I worked on a team that created a large software development workbench. A critical piece of this workbench included a suite of spreadsheets with amazingly complex macros and formulae hidden way out of the casual users' sight. Immediately upon release (and much aligned with my warning and prediction) the workbench fell apart on a daily, even hourly basis, among many teams out in the field. Turns out users were deleting rows in the template spreadsheets deemed irrelevant and unnecessary to their work. Guess what got deleted along with the "unnecessary rows"? Yep, chunks of macros critical to the proper function of the workbench.
Ok, slightly off topic, but why is this posted in Hardware?
"Nobody owns the fucking words man." - James Dean
How are Slashdotters coping with the proliferation of spreadsheets in the face of greater legal accountability and auditing?"
My guess it they're not. I've met FIERCE resistance in the past from accounts trying to reform their spreadsheet ways. Every accountant understands the spreadsheet. The Financial Director understands the spreadsheet. If you can't get the Financial Directory to back your plans then any reform is dead in the water.
The problem is born out of bad communication skills. IT generally assumes that just because the FD doesn't understand C++ he is stupid. We see this kind of behavior all the time on Slashdot:
No fucking shit he understood the GPL. Let's see he probably got a 1st class degree in Law, Passed his BVC with flying colours. He then probably got his pupillage with ease (there are twice as many students each year as there are pupillages) and then rose to the Bar. After that, he'd have spent 15 years working cases in the Crown Court. If he didn't understand the GPL he would have fallen at the first hurdle. My brother is a lawyer and understood the GPL before he even took his LPC. By comparison, you're average IT guy is a mere peon. I'd wager that given your average programmer with no C++ experience, the Judge could beat the programmer hands down in a programming contest. These people are very, very smart.
The same is true of Financial Directors and their ilk. They have to take years of qualifications and have decades of experience before they're allowed to do their job. Talking down to them is a recipe for marginalization. So the solution is to talk to them in clear language. None of this bullshit bingo that seems to be infesting every cranny of IT - clear, plain language.
Explain the problem, then explain the solution. They don't want or care to hear about LAMP, AJAX or Web 2.0. This like a builder telling you the type of screws he's going to use to build your house. All that you care is that your house is well built and will last a long time without significant maintenance. All they want to know why they need your solution, how much it will cost and the consequences if they don't do it. Anything else is a waste of their time and will lower the amount of time they have for you.
Simon
"How are Slashdotters coping with the proliferation of spreadsheets in the face of greater legal accountability and auditing?"

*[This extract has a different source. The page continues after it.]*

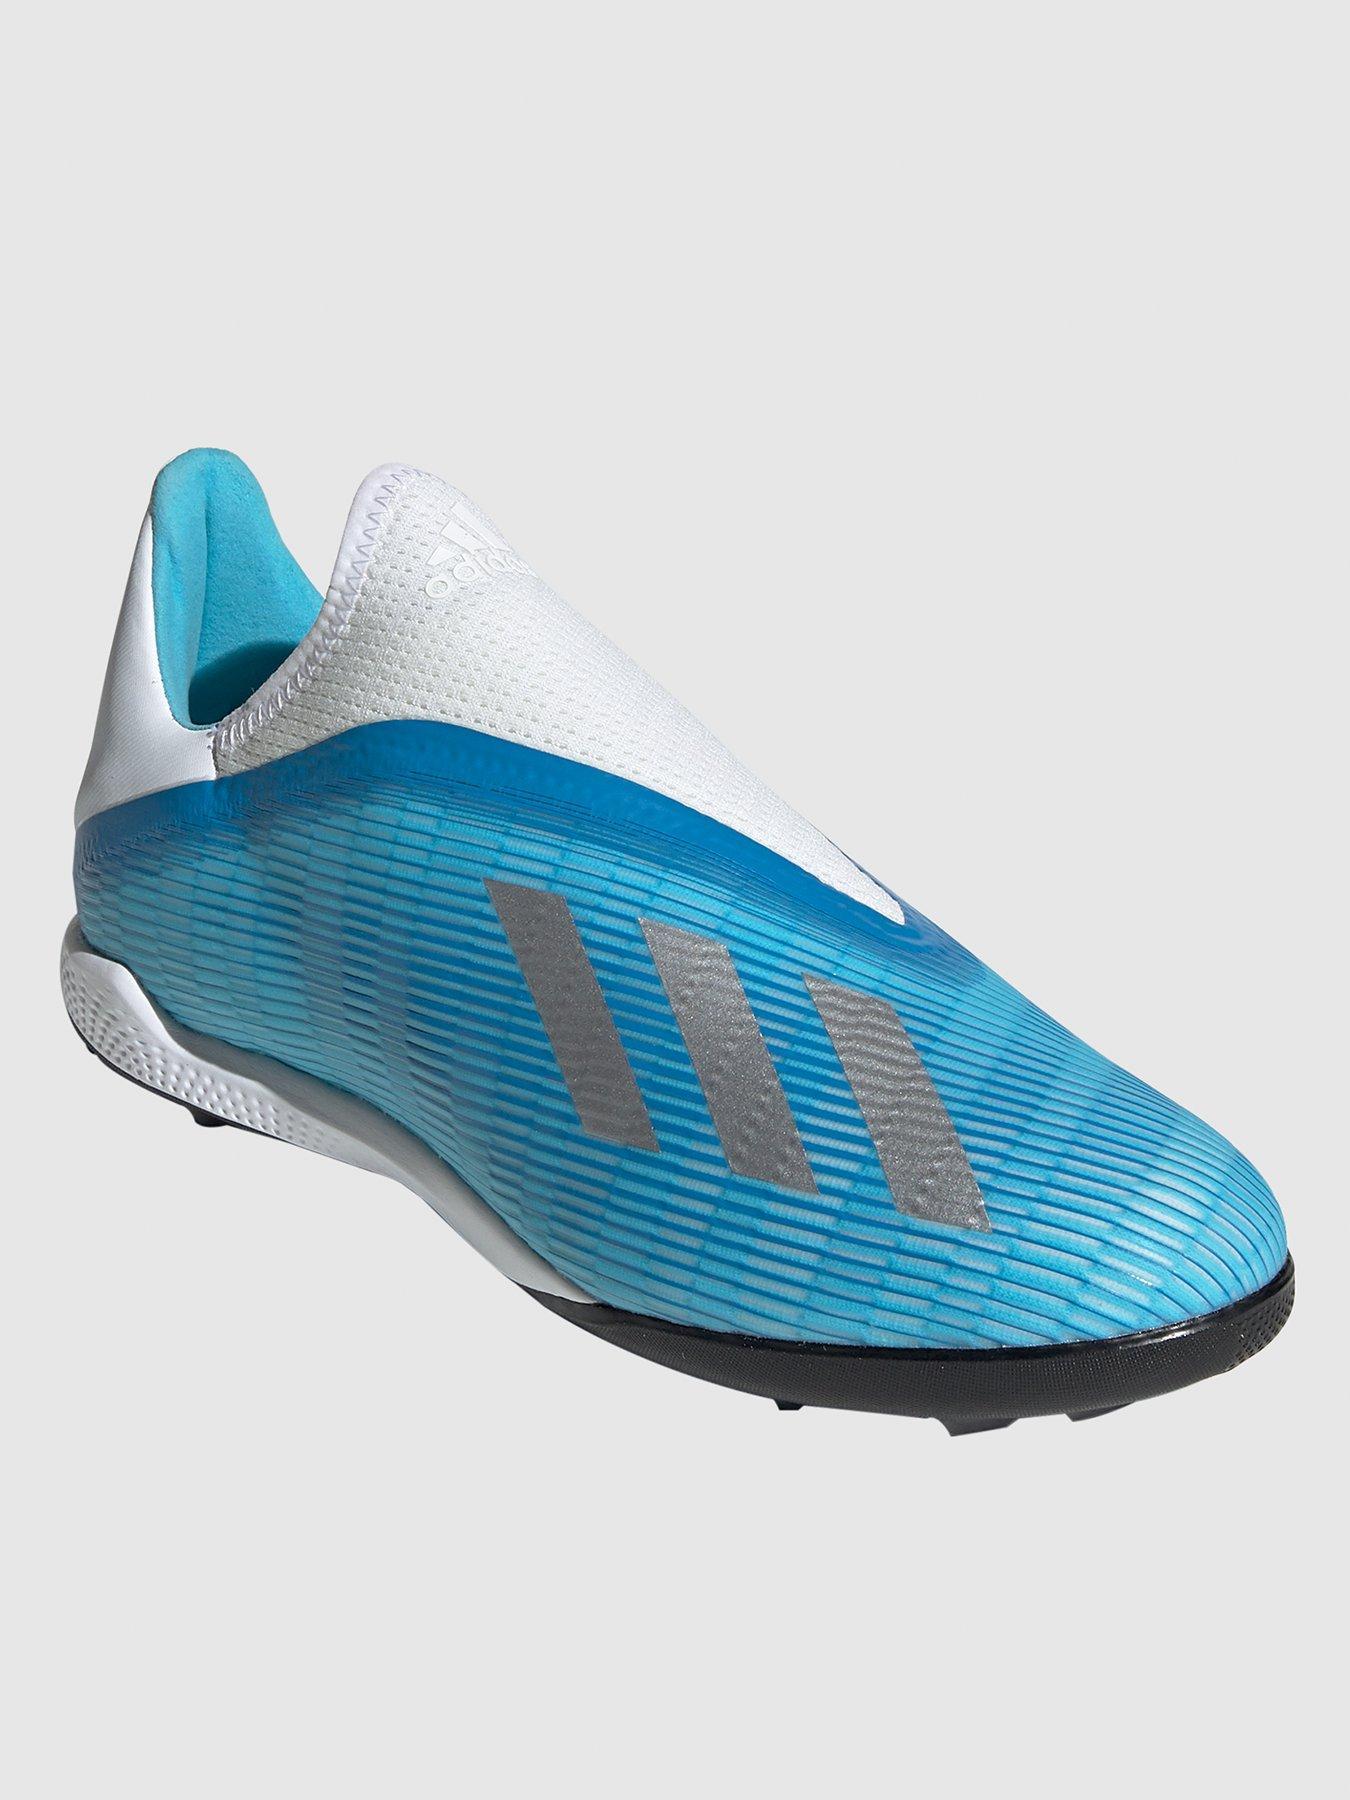 Laceless 19.3 Astro Turf Football Boot

I don't know about you, but I actually check my work and co-workers cross-check each other's work. Any spreadsheet whose numbers can't easily be checked out on a calculator should be designed such that the information generally flows in one direction and each step of a calcuation is broken out into separate rows whenever possible to make "debugging" easier.

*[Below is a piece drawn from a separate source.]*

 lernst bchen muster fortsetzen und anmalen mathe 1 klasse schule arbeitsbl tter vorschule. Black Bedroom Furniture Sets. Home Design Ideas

Bill Clinton: Pimp we can believe in. - The Shirt!!!
It is difficult to eliminate the errors, so a better solution is to minimize them. The easiest way to do this is to add extra workbooks named "sheet2" and "sheet3" with thousands of extra cells in them. Then, the percentage of error is 3 times lower. Example:
Before: "sheet1" has 50x50 cells, with 25 errors. That's 25 / 50^2 = 1% errors.
After: Add "sheet2" and "sheet3" with another 50x50 cells. Now, the error rate is 25 / 50^2 / 3 = 1/3 % error.
According to my spreadsheet, that is a much better error rate!